All in all, I'm really satisfied with the iPad. It fills a new niche really well.

Another Month on (July)
One thing I didn't mention before is the fantastic battery life on the iPad. It will happily run all day, on the Internet or doing heavier video tasks, on a single charge. In fact, with my usage, it generally only gets charged twice a week. Really impressive.

The MiFi by Three is excellent. It's a small wifi 3G modem that works like a treat and has really easy set up. I bought a pay-as-you-go version, which is fine for my data consumption. Signal strength seems fine in most places. I haven't connected the laptop to it yet, but it'll work with anything wifi.

App-wise, the main thing I am missing is a killer writing application.
Notes, the built in editor, is fine, but there's only so much Comic Sans/Marker font I can take and landscape is limited to less screen than portrait because of the menu selection. Documents to Go works fine, but isn't pretty and sometimes less than obvious in how to do things. I've not tried Pages yet, but the interface options for file transfer are more limited than I'd like. I'd prefer to be able to link directly to Dropbox more easily. I think that the forthcoming PlainText (from Hog Bay Software, the maker of WriteRoom) may hit the spot if the previews are anything to go by.

The Omni Group applications are fantastic, but expensive.
OmniGraffle is a mini-Visio, OmniGraphSketcher works just like its desktop equivalent and is much more simple for graph production than Excel ever is. OmniFocus is a great implementation of their GTD application which flawlessly syncs wirelessly with the Mac version. OmniOutliner isn’t out yet, but CarbonFin’s Outliner hits most of the same points and is very well done.

Keynote gives the ability to show presentations externally, which is useful for work related usage. The PDF editor, iAnnotatePDF is really good; I'm using it to proof books for friends. Goodreader is a great PDF reader, which I use for a large number of RPGs.

Social media-wise,
Twitterrific has a great interface (although mobile twitter works fine in Safari).
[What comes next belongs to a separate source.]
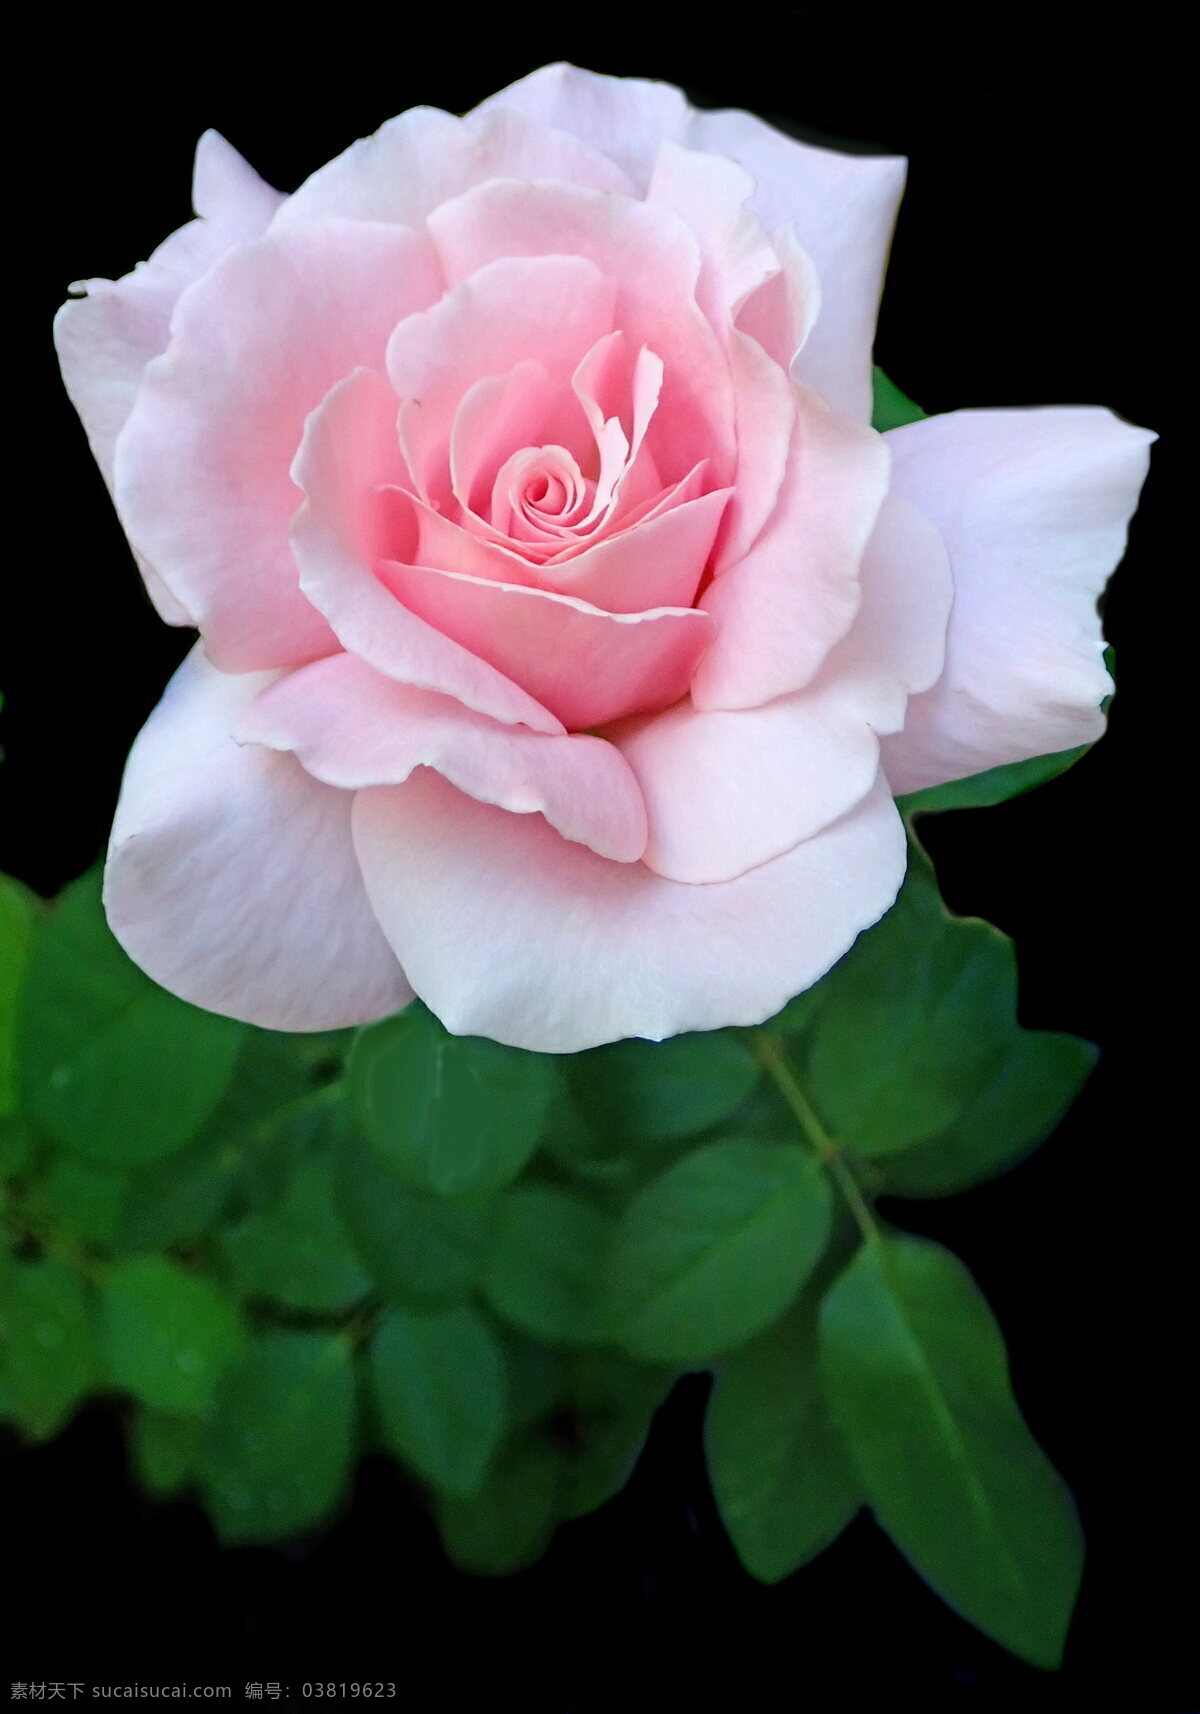 漂亮粉色玫瑰 一朵玫瑰 漂亮玫瑰 一朵花 漂亮 玫瑰 花朵 粉色花朵 漂亮花朵 鲜花 花蕊 花瓣 花卉 生物世界 花草

Facebook works okay in Safari, but some of the scrolling functions don't work properly, but not enough to kill usability. They do have a dedicated touch version as well, but it didn't seem as featured.  It'll be interesting to see if they update the iPhone app to work with the iPad screen resolution. LinkedIn's app remains at iPhone resolution, so the website is a better option. Flipboard is an interesting take on social media interfaces for multiple platforms, but I'm not yet convinced that it's a stayer for long term, and indeed have subsequently found it becoming less and less something that draws my attention.

If you follow a lot of websites, you'll probably be using RSS. If you aren't you should, as it saves a lot of time!
Reeder is perhaps the best implementation of an RSS reader on iPad, very slick and simple. Pulse is a more magazine style application, but is limited in the number of feeds that it can pick up. Both work well with Google Reader, but if I had to choose one only, it'd be Reeder.    

There’s been a lot of noise recently about forthcoming Android or ChromeOS tablets which will be iPad killers, and even Microsoft is making noises about entering the market in the near future. I think that there is space for a wide range of tablets out there, but anyone entering should take stock on why the iPad has succeeded, whereas the old tablet space was very small. Ars Technica has a good
article2 on why bolting a desktop OS onto a tablet won’t work.